I've rewritten the error handling path in mtip_sw_probe() and
mtip_parse_of().

> > +		if (!fep->phy_np[port_num - 1]) {
> > +			dev_err(&fep->pdev->dev,
> > +				"%s: PHY handle not defined!\n",
> > __func__);
> > +			ret = -ENODEV;
> > +			goto of_get_err;
> > +		}
> > +	}
> > +
> > + of_get_err:
> > +	of_node_put(p);
> > +
> > +	return ret;
> > +}  
> 
> [ ... ]
> 
> > +static void mtip_sw_remove(struct platform_device *pdev)
> > +{
> > +	struct switch_enet_private *fep =
> > platform_get_drvdata(pdev); +
> > +	mtip_ndev_cleanup(fep);
> > +
> > +	mtip_mii_remove(fep);
> > +
> > +	dma_free_coherent(&fep->pdev->dev, PAGE_SIZE,
> > fep->rx_bd_base,
> > +			  fep->bd_dma);
> > +	fep->rx_bd_base = NULL;
> > +	fep->tx_bd_base = NULL;
> > +
> > +	timer_delete_sync(&fep->timer_mgnt);  
>         ^^^^^^^^^^^^^^^^^^^^^^^^^^^^^^^^^^^^
> 
> Does the timer get deleted too late in the cleanup sequence? The timer
> callback mtip_mgnt_timer accesses fep->hwp, fep->hwentry, and
> fep->pdev->dev.
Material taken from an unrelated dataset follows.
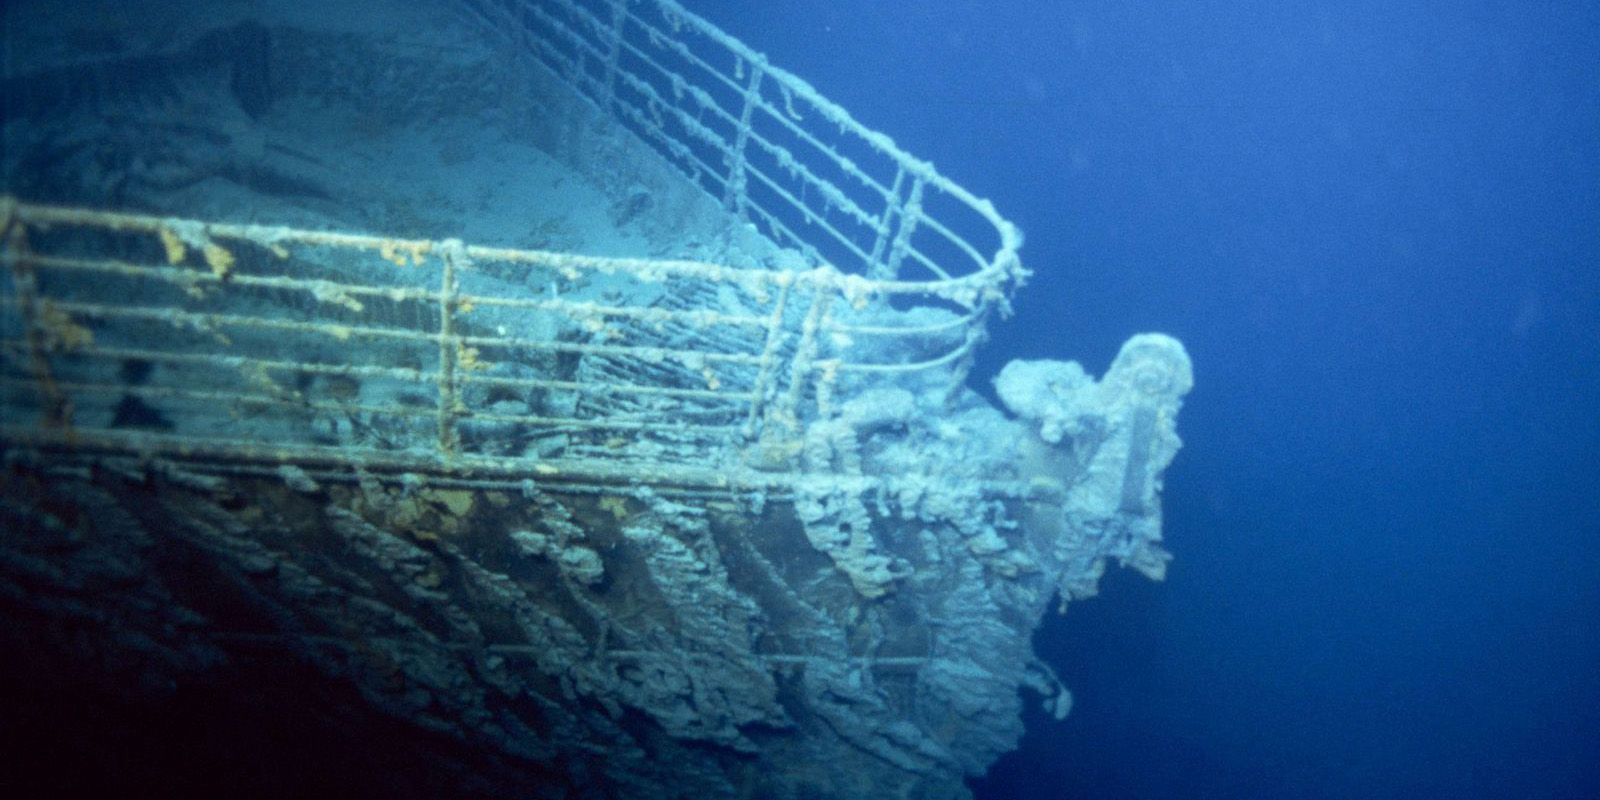 10 вопросов о Титанике, которые вы стесняетесь задать (но, возможно, задаетесь вопросом)

However, timer_delete_sync is called after
> mtip_ndev_cleanup, mtip_mii_remove, and dma_free_coherent.
> 
> If the timer fires between these cleanup operations and
> timer_delete_sync, it will access freed or cleaned resources, causing
> use-after-free and potential crashes.
> 
> Should the timer be deleted first before any other cleanup operations?
> 
> Correct order would be:
> 1. timer_delete_sync(&fep->timer_mgnt);
> 2. mtip_ndev_cleanup(fep);
> 3. mtip_mii_remove(fep);
> 4. dma_free_coherent(...);
> 

I've moved it up.

> > +	platform_set_drvdata(pdev, NULL);
> > +}  



-- 
Best regards,

Łukasz Majewski